Before the Storm by Alex Gray
Inspector Daniel Kohi of the Zimbabwean police force returns home one night to find his worst nightmare has been realised. His family dead, his house destroyed, and in fear for his life, he is forced to flee the country he loves.
Far away in Glasgow, DSI William Lorimer has his hands full. Christmas is approaching, the city is bustling, and whilst the homicide rate has been relatively low, something much darker is brewing. Counter-Terrorism have got wind of a plot, here in Lorimer’s native city, to carry out an unspeakable atrocity on Christmas Eve. They need someone with local knowledge to help them root it out and who better than the head of the Scottish Major Incidents Team.
But the investigation is complicated by a spate of local murders, and by the rumours that someone is passing information to criminal organisations from inside the police force. Soon Lorimer finds himself in desperate need of assistance. Then he meets an extraordinary man – a refugee from Zimbabwe whose investigative skills are a match for Lorimer’s own . . .
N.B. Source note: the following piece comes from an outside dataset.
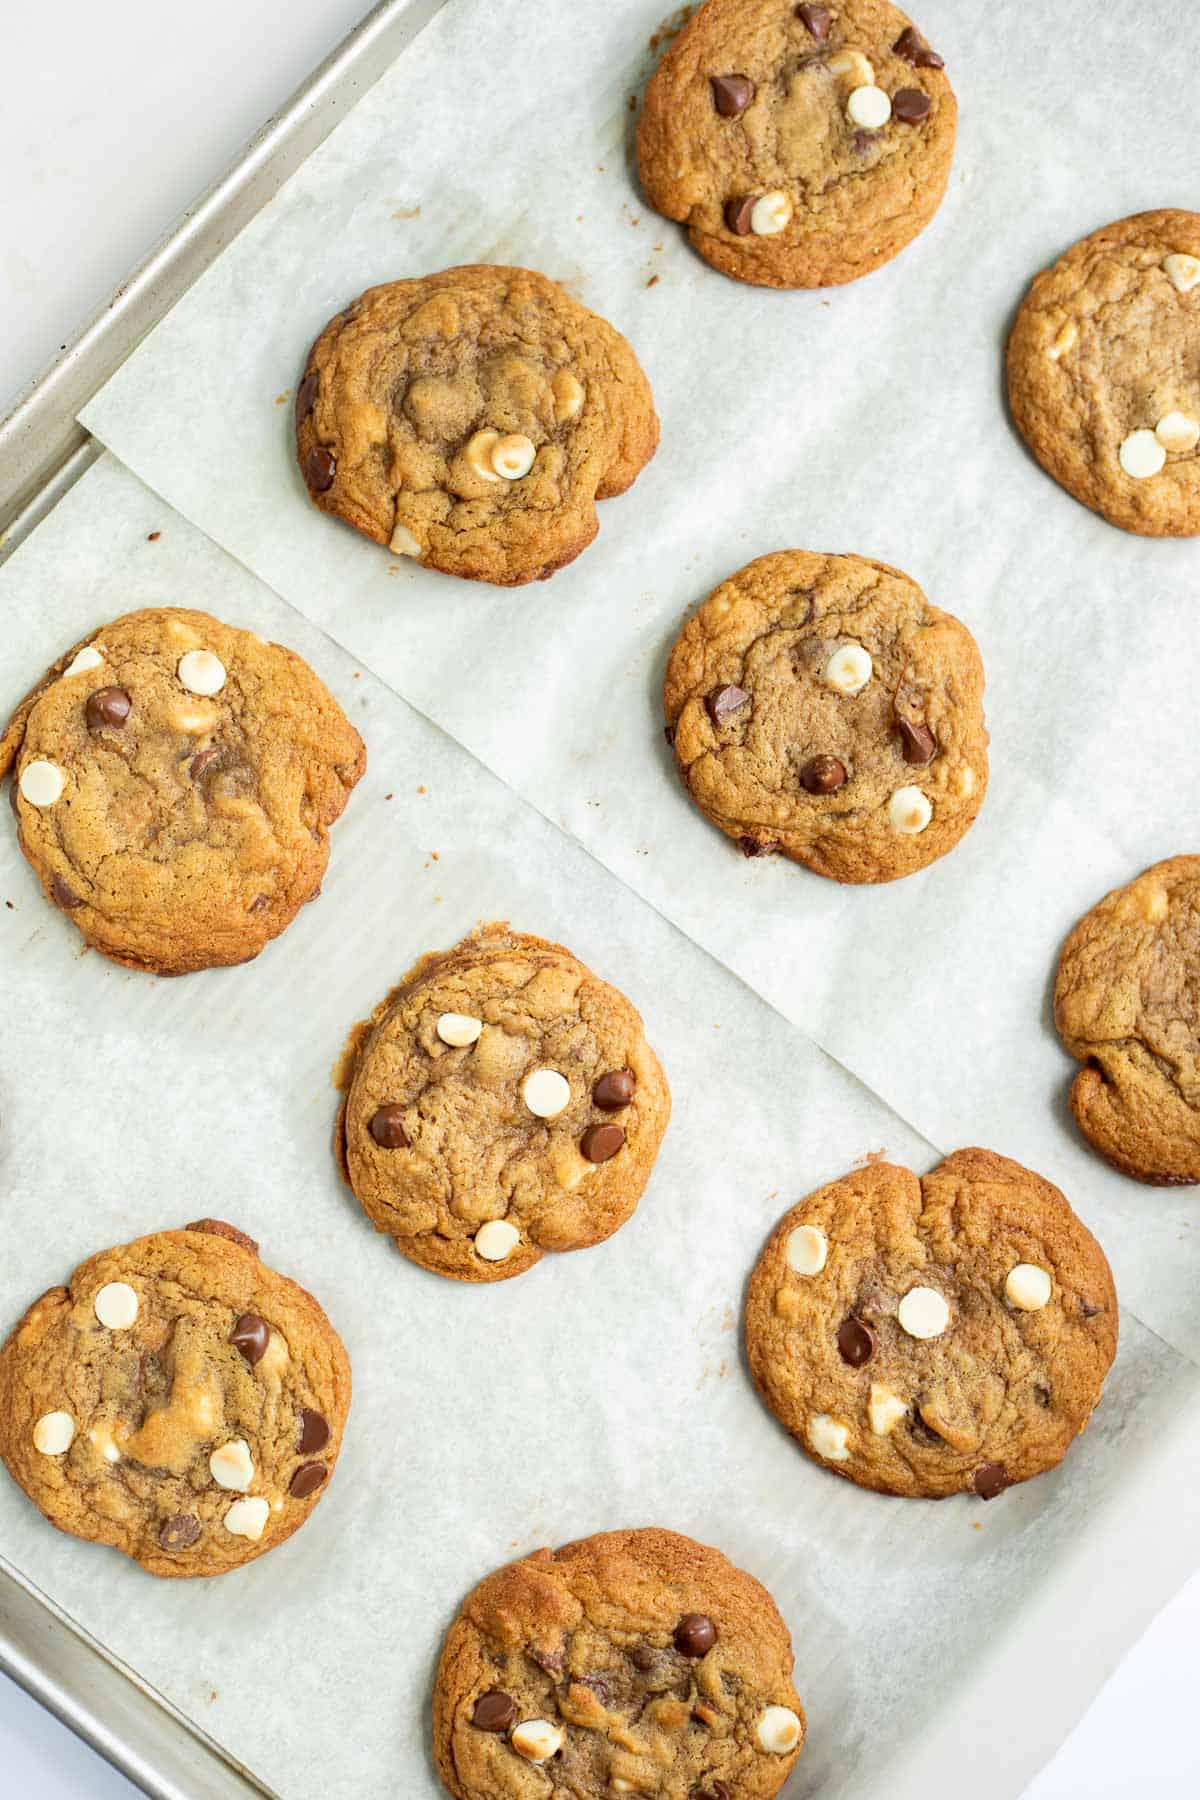 baked maple syrup chocolate chip cookies on a parchment lined baking sheet.

Blood Ties by Brian McGilloway
How can a dead woman avenge herself on her killer twenty years after her murder?
This is the puzzle facing Ben Devlin in his latest case. He is called to the scene of a murder – a man has been stabbed to death in his rented room and when his identity is discovered Devlin feels a ghost walk over his grave as he knows the name Brooklyn Harris well. As a teenager, Harris beat his then-girlfriend Hannah Row to death, and then spent twelve years in prison for the murder.
As Devlin investigates the dead man’s movements since his release it becomes apparent Harris has been grooming teenage girls online and then arranging to meet them. But his activities have been discovered by others, notably a vigilante, who goes straight to the top of Devlin’s list of suspects… until he uncovers that Harris was killed on the anniversary of Hannah’s death – just too big a coincidence in Devlin’s books. So Hannah’s family join the ever-growing list of suspects being interviewed by his team. And then forensics contact Devlin with the astounding news that blood found on Harris’s body is a perfect match to that of Hannah Row’s. Yet how can this be; the girl was murdered many years ago – and Devlin doesn’t believe in ghosts.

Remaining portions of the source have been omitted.